One copy of Arpc1Q25st partially suppresses the cuticle defects seen in α-Cat1 mutant embryos. The phenotype is more severe when Arpc1Q25st is introduced maternally rather than paternally.
One copy of Arp3EP3640 partially suppresses the cuticle defects seen in α-Cat1 mutant embryos. Embryos show less severe defects on average and a fraction of embryos have normal heads.
One copy of SCARΔ37 partially suppresses the cuticle defects seen in α-Cat1 mutant embryos. Embryos show less severe defects on average and a fraction of embryos have normal heads. The phenotype is more severe when SCARΔ37 is introduced maternally rather than paternally.
Expression of shgScer\UAS.P\T.cSa under the control of Scer\GAL4da.G32 and Scer\GAL4Act.PU fails to rescue the embryonic lethality seen in α-Cat1 mutants.
Expressing α-Cat::shgScer\UAS.P\T.cSa allows α-Cat1 mutant clones (generated through recombination of the α-CatUbi.PS rescue construct) to develop in third instar larval imaginal discs. The follicle epithelium and border cell migration defects are also rescued.

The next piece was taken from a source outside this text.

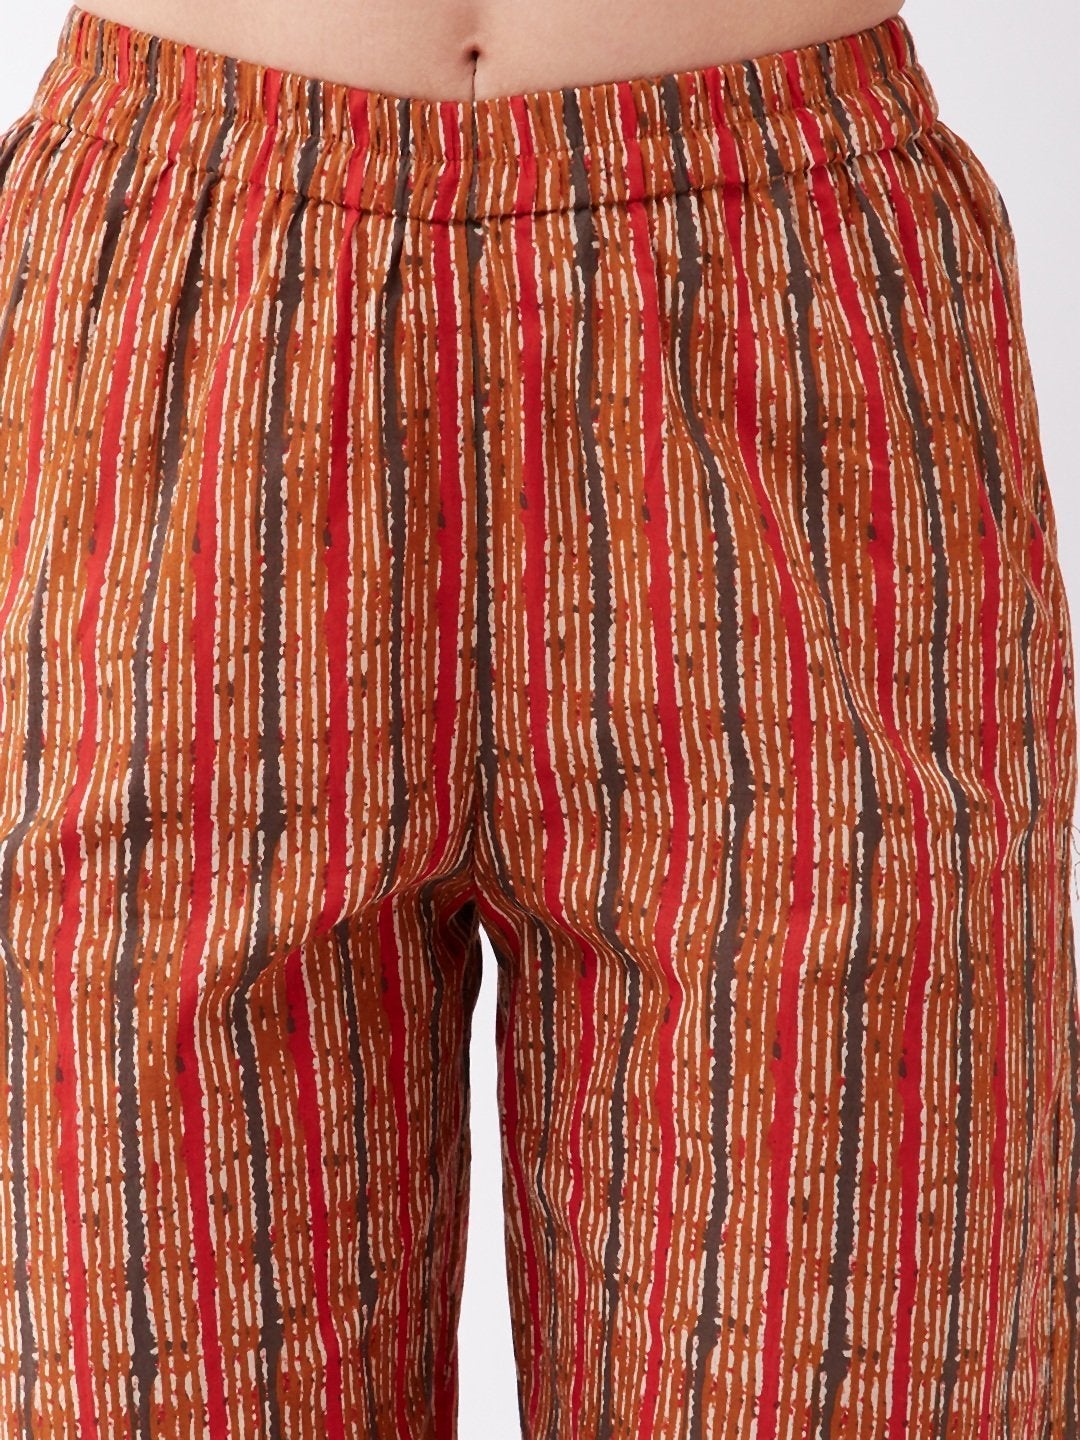 Women's Dark Mustard Striped Pant - InWeave

Expressing shgScer\UAS.P\T.cSa does not allow α-Cat1 mutant clones (generated through recombination of the α-CatUbi.PS rescue construct) to develop in third instar larval imaginal discs. Mutant clone cells generated in the follicle epithelium lose cell contacts and border cells fail to migrate.

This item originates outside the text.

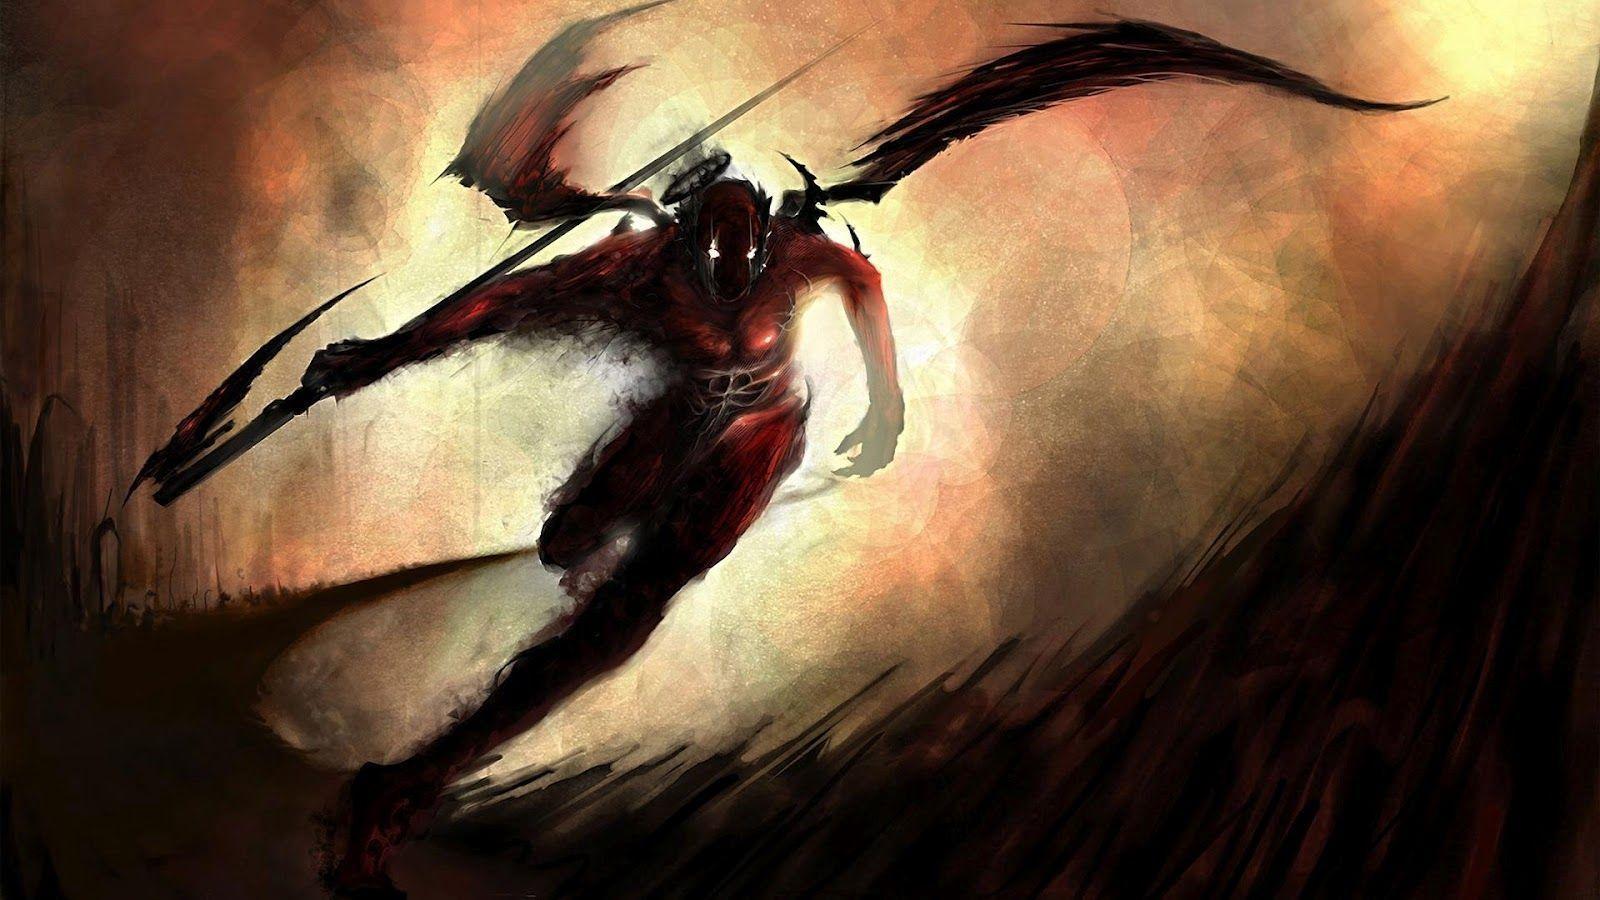 image For > Anime Dark Warrior Wallpaper

Expression of α-Cat::shgScer\UAS.P\T.cSa under the control of Scer\GAL4da.G32 and Scer\GAL4Act.PU rescues head morphogenesis and embryonic lethality in 89% of α-Cat1 mutants, but animals die during the larval stages.
Expression of Mmus\Ctnna2Scer\UAS.P\T.cDa under the control of Scer\GAL4da.G32 and Scer\GAL4Act.PU suppresses the follicular epithelium cell phenotypes seen in α-Cat1 mutant follicle cell clones (generated through recombination of the α-CatUbi.PS rescue construct). The border cell migration defects are partially rescued.

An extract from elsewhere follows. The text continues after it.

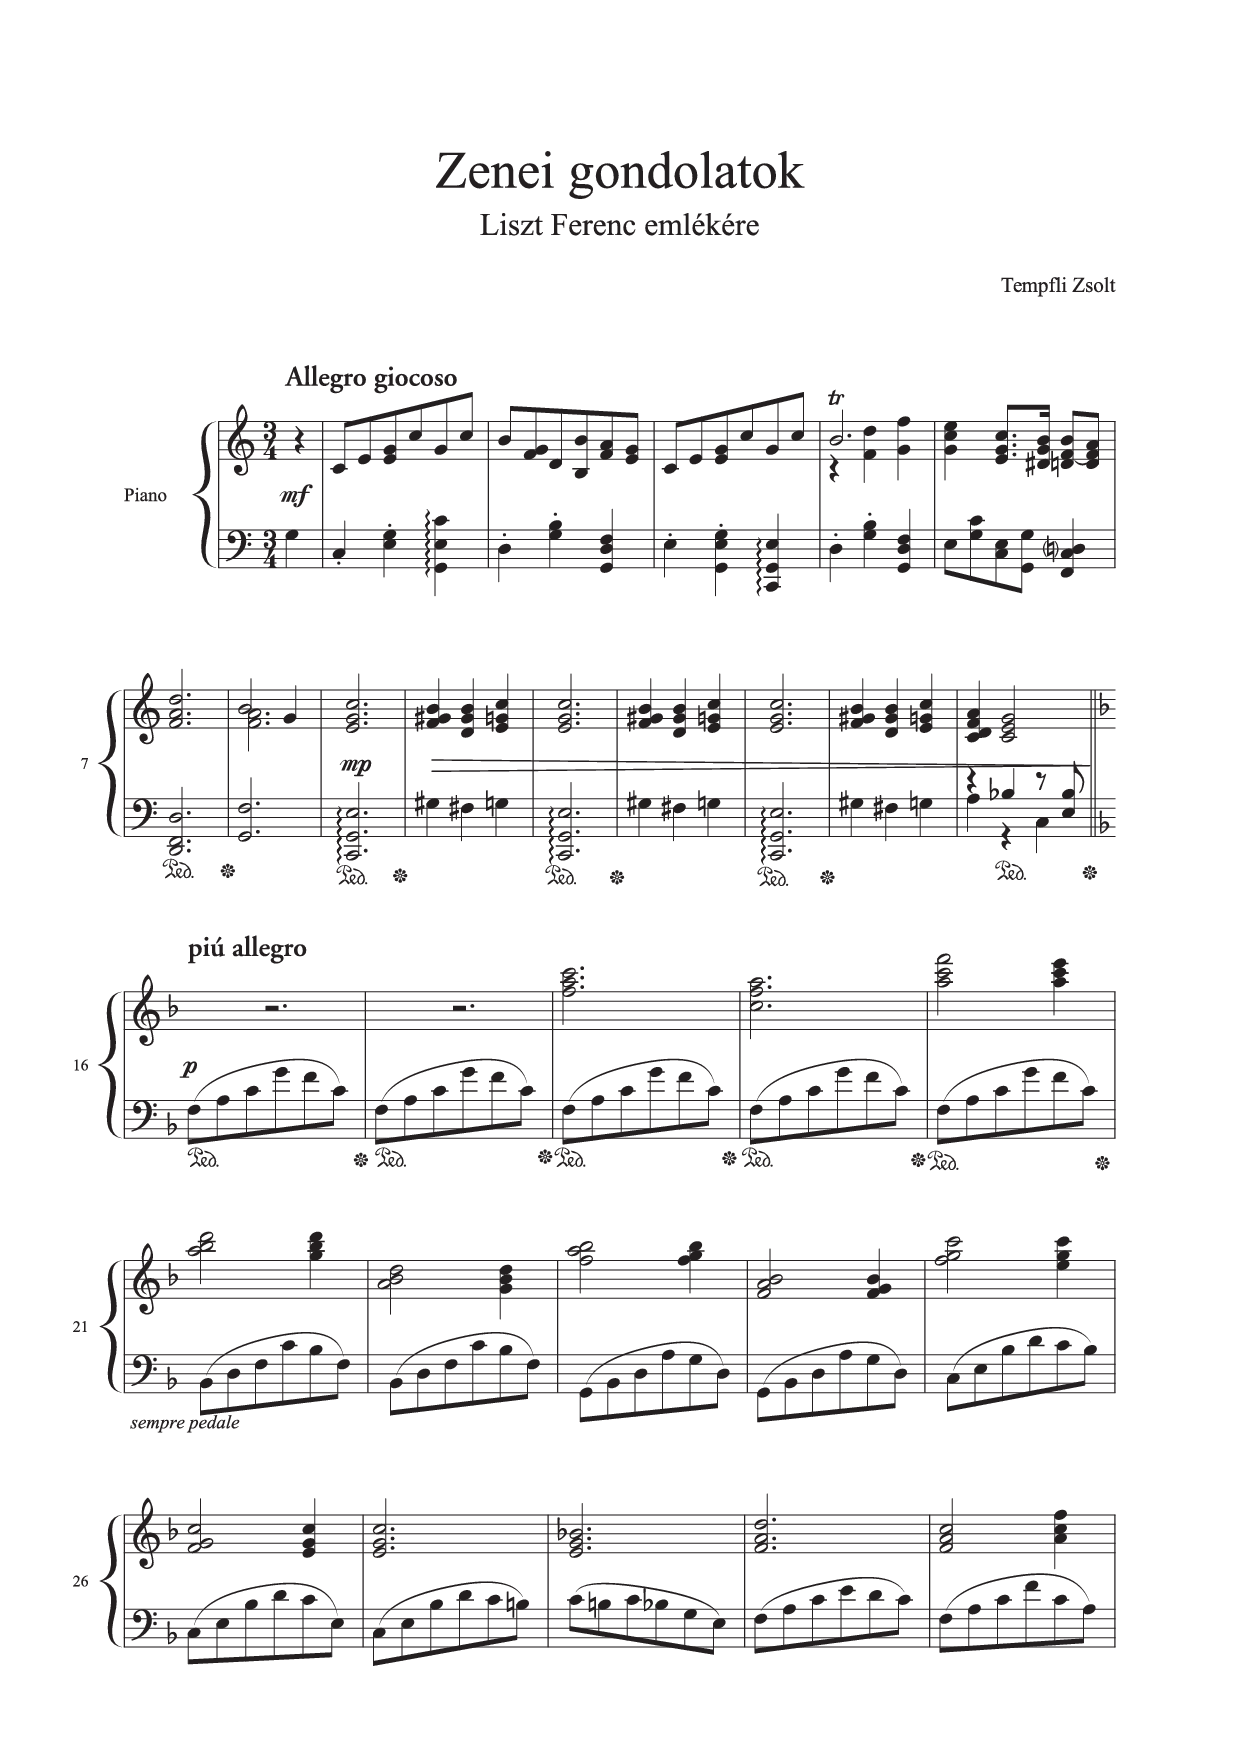 Zsolt Tempfli: Gânduri muzicale în memoria lui Franz Liszt (op. 10) pentru pian

Ubiquitous expression of Mmus\Ctnna2Scer\UAS.P\T.cDa under the control of Scer\GAL4da.G32 and Scer\GAL4Act.PU rescues the head involution defects seen in α-Cat1 mutant embryos. Animals are unable to develop beyond the pupal stages.
Expression of Mmus\Ctnna1Scer\UAS.P\T.cDa under the control of Scer\GAL4da.G32 and Scer\GAL4Act.PU partially suppresses the follicular epithelium cell phenotypes seen in α-Cat1 mutant follicle cell clones (generated through recombination of the α-CatUbi.PS rescue construct). The border cell migration defects are not rescued.
Ubiquitous expression of Mmus\Ctnna1Scer\UAS.P\T.cDa under the control of Scer\GAL4da.G32 and Scer\GAL4Act.PU fails to rescue the head involution defects seen in α-Cat1 mutant embryos. Animals are unable to live beyond the embryonic stages.
Expression of Mmus\Ctnna2Δ56.Scer\UAS.P\T under the control of Scer\GAL4da.G32 and Scer\GAL4Act.PU fails to suppress the follicular epithelium cell phenotypes seen in α-Cat1 mutant follicle cell clones (generated through recombination of the α-CatUbi.PS rescue construct). The border cell migration defects are not rescued.
Ubiquitous expression of Mmus\Ctnna2Δ56.Scer\UAS.P\T under the control of Scer\GAL4da.G32 and Scer\GAL4Act.PU partially rescues the head involution defects seen in α-Cat1 mutant embryos. Some animals are able to develop to the larval stages.